Tags: , , — September 21, 2007 @ 4:30 pm

Com a ajuda de kwo em #E@irc.freenode.net eu consegui mesclar o Xfce Desktop com o Enlightenment Window Manager (versão 0.16, com o E17 também é possível, mas seria um desperdício não aproveitar as funções desktop deste último).

Acho esta uma ótima combinação pois o Xfce é o Desktop mais leve atualmente para X, e o e16 também, adicionando um visual ótimo ao xfce, com a transição das áreas de trabalho e o pager com miniaturas.

Algo muito interessante no e16 é as miniaturas das janelas no pager e na iconbox, algo que não será adicionado no e17.Para fazer esta combinação apenas siga os seguintes passos:

  • Inicie uma sessão com o Xfce normalmente;
  • Finalize o gerenciador de janelas ($ pgrep xfwm4; $ kill -15 [pid obtido]) ;
  • Inicie o e16 ($ /usr/bin/enlightenment);
  • Clique com o botão direito na tela (menu de configurações do e16), vá nas configurações do papel de parede (Desktop Background Settings);
  • No menu do Xfce, vá em Configurações -> Gerenciador de Configurações, clique em Área de Trabalho e marque a opção ‘Permitir ao Xfce Gerenciar a Área de trabalho’.
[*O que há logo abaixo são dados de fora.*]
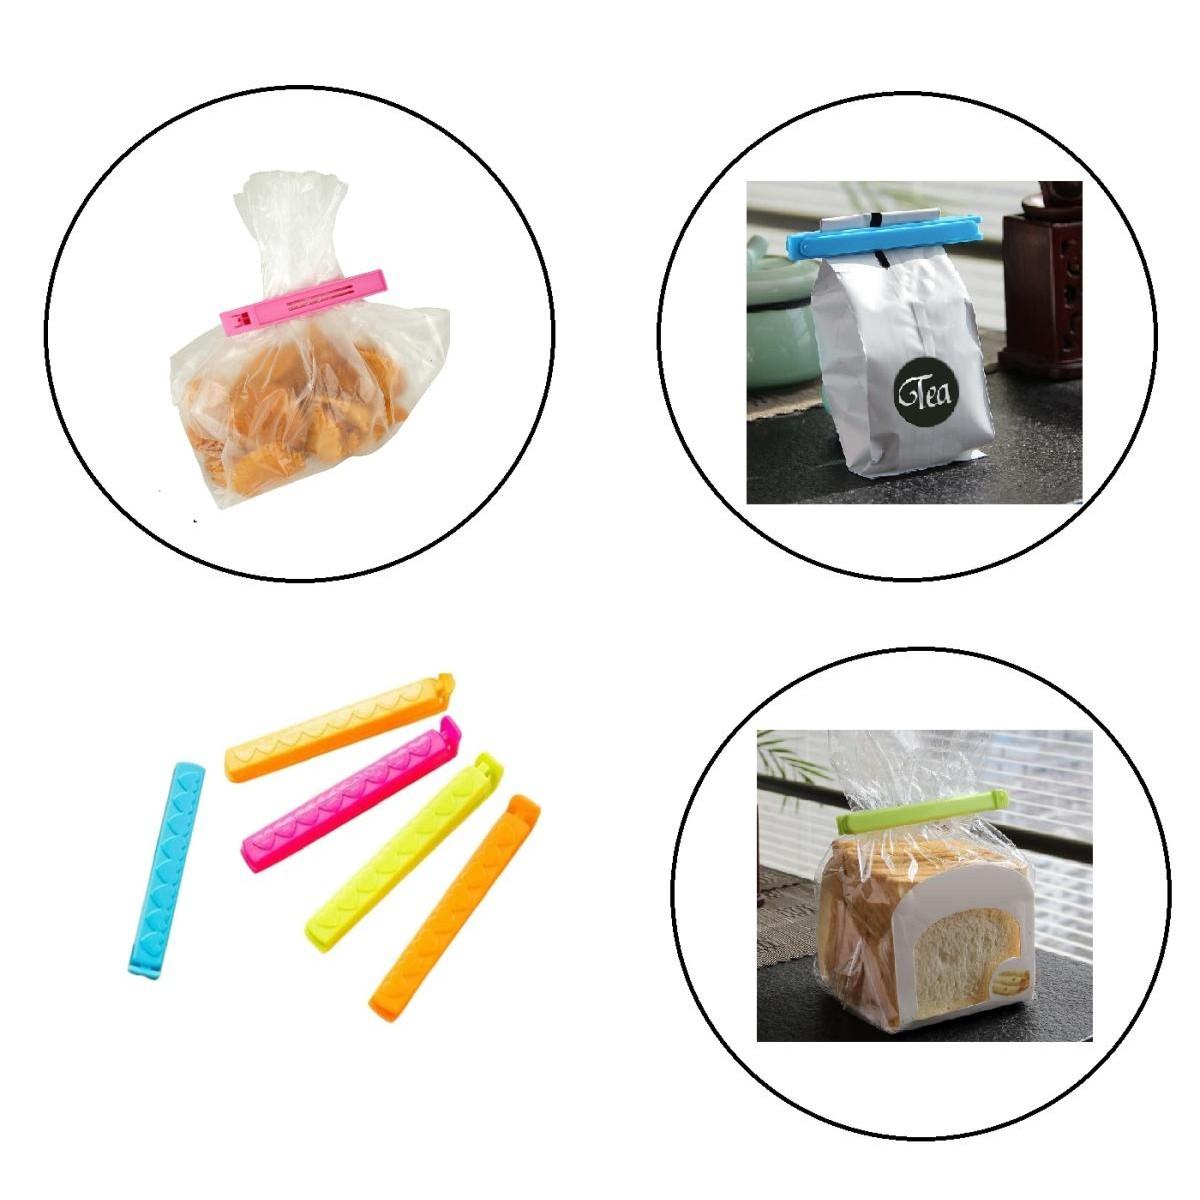 Pack of 5 - Multicolor Reusable Plastic Food Snack Storage Seal Sealing Bag Clips Sealer Clamp Plastic Tool

Pronto, agora você tem um Xfce com o e16 como gerenciador de janelas. Esta é a combinação perfeita para quem deseja um ambiente desktop completo e os recursos e efeitos do Enlightenment.

Mas há um problema, o gerenciador de sessões do Xfce não consegue identificar as áreas de trabalho do e16 para manter cada janela, apesar de lembrar as posições destas. E se você desabilitar o gerenciador de sessões, terá que fazer o processo acima cada vez que desejar usar um Xfce4 + E16. Pretendo criar um script para iniciar o Xfce4 com E16 automaticamente, quando o fizer vou certamente postá-lo aqui. Se alguém quiser ajudar será bem-vindo.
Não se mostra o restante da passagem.